As the managing director, owner or person responsible for sending expats, it is your responsibility to ensure that your employees are as safe as possible. There is hardly any other area that is so strongly influenced by subjective factors as safety. There are no numerical values, no collected measurement data, and there are no incontrovertible facts that could claim that a person is safe if this and that is fulfilled to this extent.

This creates a big problem.
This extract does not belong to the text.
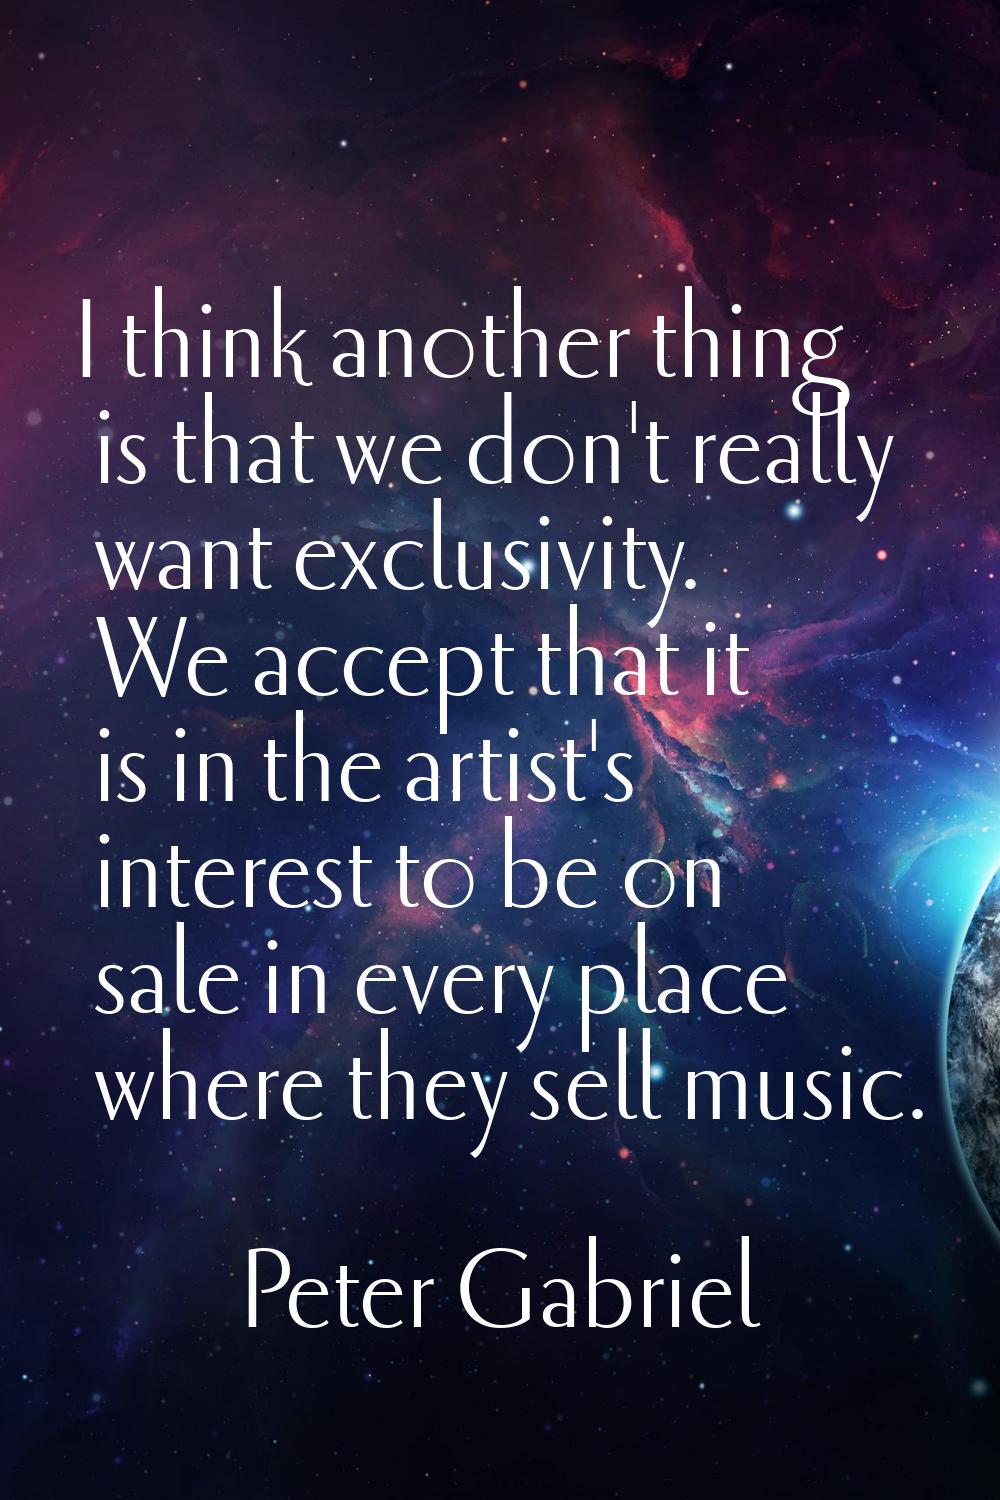 I think another thing is that we don't really want exclusivity. We accept that it is in the artist'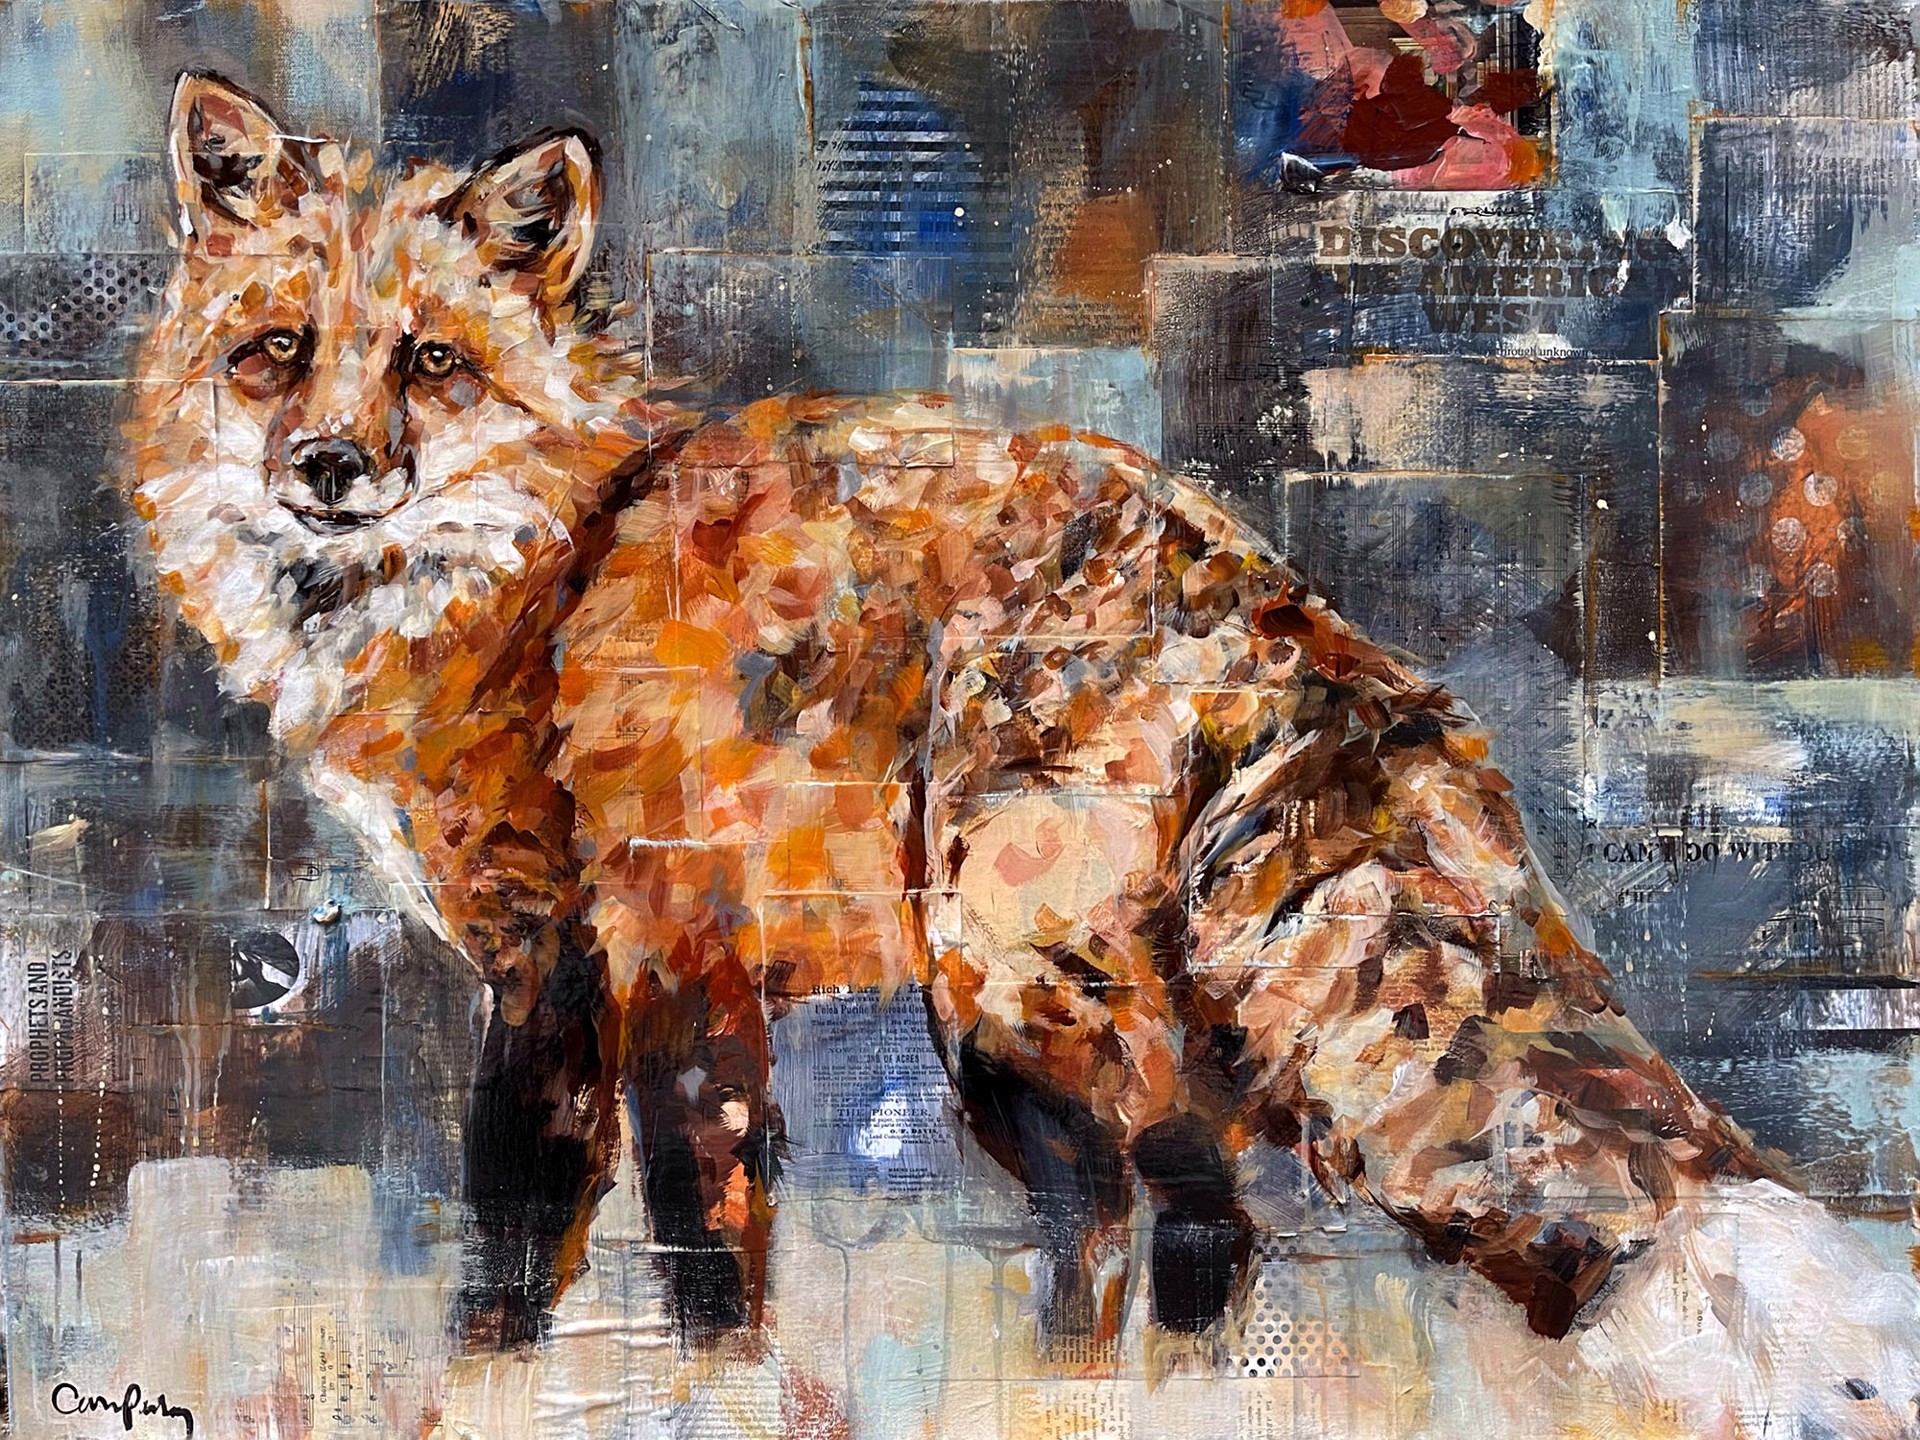 Original Mixed Media Painting By Carrie Penley Featuring A Fox On Collage Background

How do you know, and how can you prove that you have done everything in your power to protect your employee?

One good way is to align your security measures with the guidelines of ISO 31030, an international standard for travel risk management.

Summary of ISO 31030 guidelines and processes for risk management in the context of business travel:

1. risk assessment and identification:

Develop a systematic approach to identifying and assessing risks, including safety, health, environmental, legal and operational aspects.

2. duty of care:

Emphasizing the duty of care to travellers, with provision of adequate security measures, health care and emergency response.

3. communication of risks:

Establish clear lines of communication to inform travellers of potential risks, including use of technology for real-time notifications.

4. training and preparation:

Recommend training and education programmes to prepare travellers for risks and emergency procedures.

5. emergency and crisis management:

Developing emergency and crisis management plans and ensuring that travellers can act appropriately in emergency situations.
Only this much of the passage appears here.